The easy way (far less accurate, but very fast) — Zillow estimator or various tools like Property Radar, or Property profiles from Agent pro 247 that show you some comparables and even pop out a number in terms of value. A lot of these “estimators” are based on assessed value OR they have their own algorithms to estimate price based on recent sales. 

Two problems with this:

  1. The assessed value is almost always off. And when it comes to comping properties you don’t want to be off by more than 5%-10% (in $300k+ homes, being off by 10% means $30,000. That is a difference between a good deal and a risky deal for cash buyers— and assessed value is often off by that much.
  2. The estimators aren’t good at removing irrelevant comps. Like the ones that ARE near, and are similar in size, BUT are in completely different neighborhoods that are of lesser value. This error can only be corrected from looking at pictures and/or having insider market knowledge.

The medium way (Very accurate, but can take a while and unreliable) — using an agent.

Sometimes, a quick way to get an estimate is to call an agent you’ve built a relationship with. This can be an agent you plan on using for the re-sale. However, if you’re strictly wholesaling contracts, then it won’t make much sense for the agent to lock up time with you knowing that you won’t be using him/her.

When to use this method? Only temporarily and when you’re new and/or new to a market.

The hardest way (but is a must if this will be your career) — Learning how to comp yourself. 

Eventually, you’ll have to learn how to comp your own properties if you want to be a pro real estate investor. Below we’ll dive into some basics of comping

Running comps on your own

  1. Taking a peak at Zillow/MLS
    First, you’ll want to look at the data. We’ll use Zillow as an example. You’ll want to input some filters to only view comparables.
    For this example, let’s say that your property is a 4/2 built in 1970, and it’s 2,000 square feet.
  2. Enter some filters — here’s some examples:
    1. 4 bed, 2 bath
    2. Built between 1969-1985 (I choose this range because a 197o’s home is most likely a “track” home, so I want to limit the comps to “track” homes rather than spec or older models (but you may have to if there are no comps). And I don’t want to go newer than 1985  (but you may have to if there aren’t many homes) because these may start to get a little more valuable*)
    3. square feet = 1,950-2,050 (about a + or – 10% difference)
    4. In a 5-mile radius
    5. Only SOLD data in the last 3 months (push it out to 6 months if there are only 1 or no properties in 3 months sold with this criteria).
  3. Compare the results
    1. Does the comp have the same curb appeal? Or neighborhood appeal?
    2. Is the house distressed?
    3. Does it attract the same type of buyers (IE blue-collar working neighborhood vs white-collar)?
    4. Is the neighborhood mostly renters or owner occupants (tenant-filled neighborhoods are usually less valuable)?
    5. Is the lot size similar (Large lots are more valuable)
    6. Is the comp in perfect condition? Or needs rehab work?
    7. What’s the ARV (after-repair value) of these homes? Of yours?
  4. Decided on your resale value
    After you’ve “gauged” the market, decided on where your property sits compared to the others that sold and make a decision on price range.

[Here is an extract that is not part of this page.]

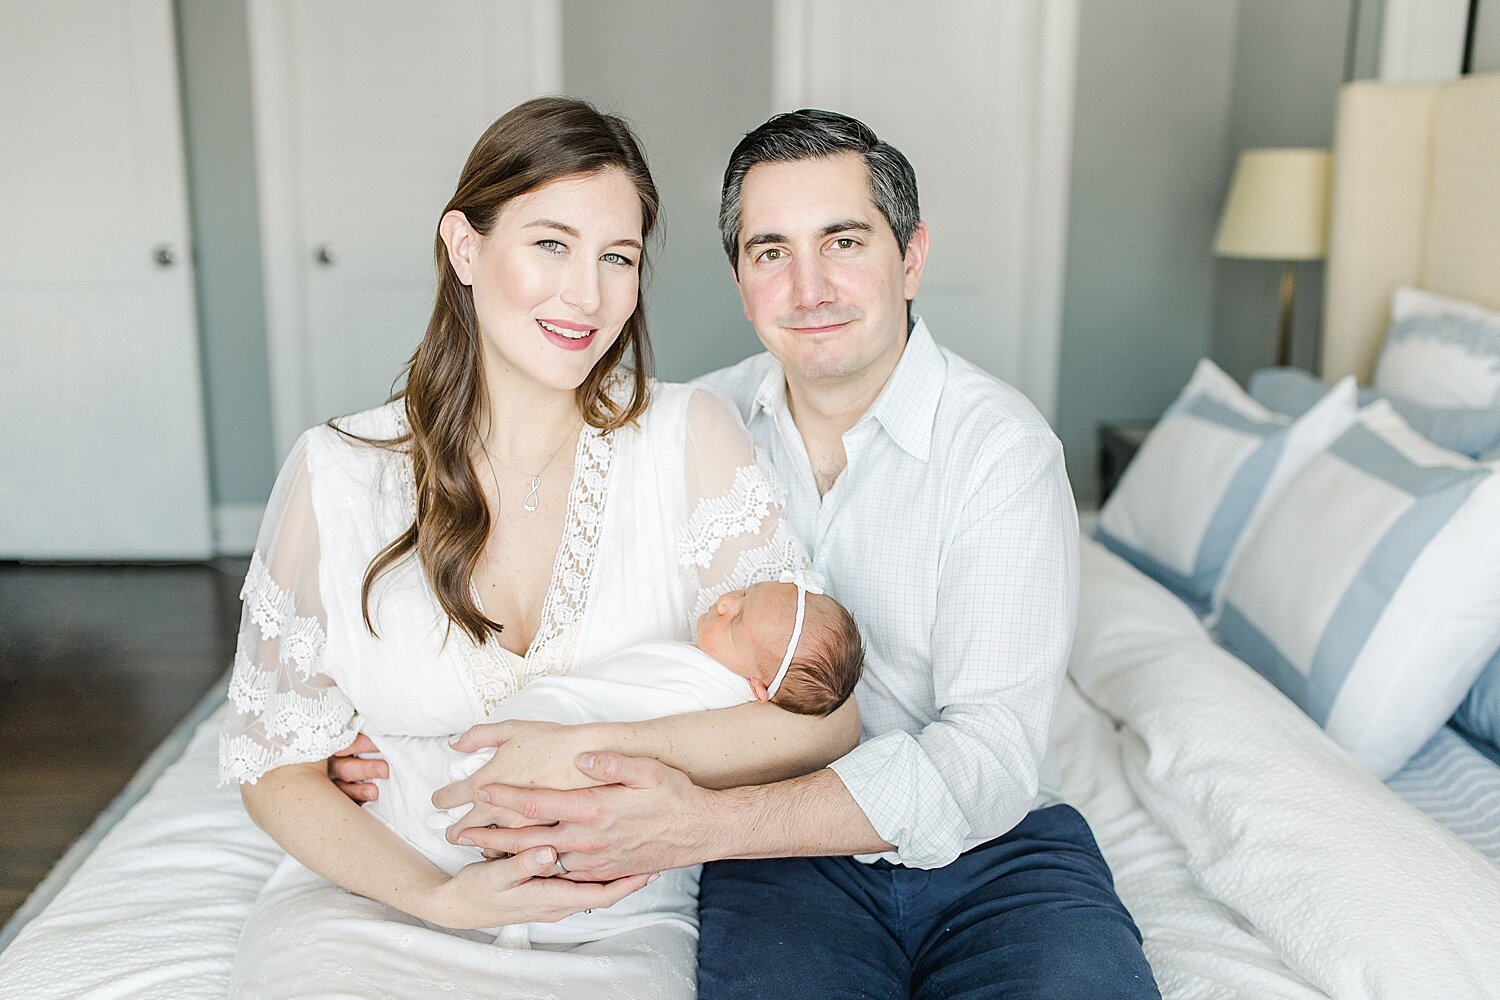 In-Home Lifestyle Newborn Session in Darien, CT with Kristin Wood Photography.

* On year built: each market is different. And some buyers might like older homes and pay more for them. While others prefer track homes or the market doesn’t show much difference in price with the age of the home. You have to understand your market for this.

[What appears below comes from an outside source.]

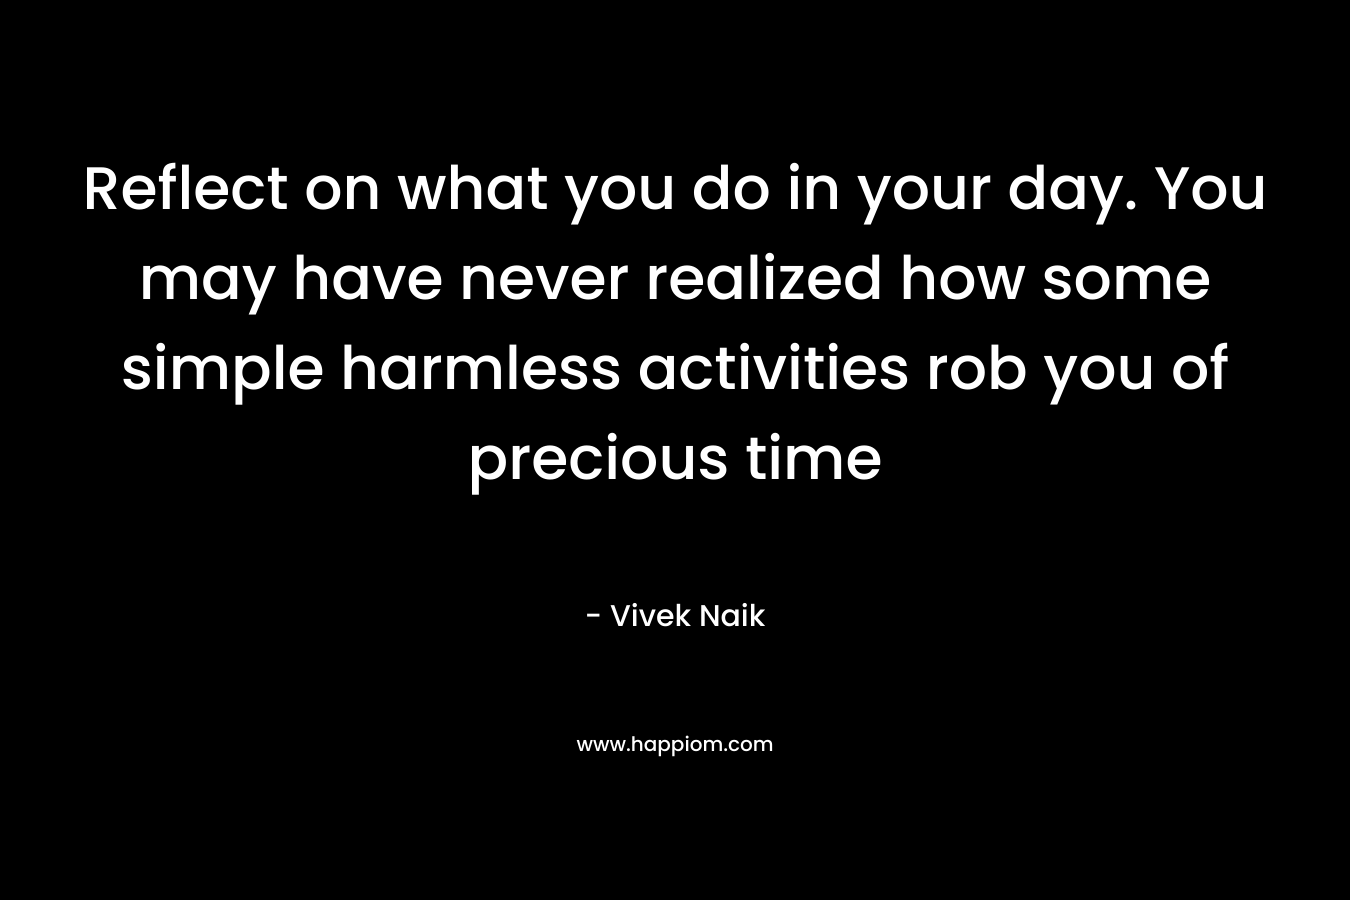 Reflect on what you do in your day. You may have never realized how some simple harmless activities rob you of precious time – Vivek Naik

Bottom line: you have to KNOW how to comp. Especially in today’s buyer market (this was written in late 2022), where it’s CRUCIAL to have a good and accurate price for end buyers or you’ll be stuck with a property.

There’s no “hand-holding” guide to comping; it’s a bit of an art form because you have to “feel” and see the comps for yourself and ask: “Is this a good comp?”, “Does the price accurately reflect what this house will sell for?”.

So, it takes time to learn.

But there’s no better time than now.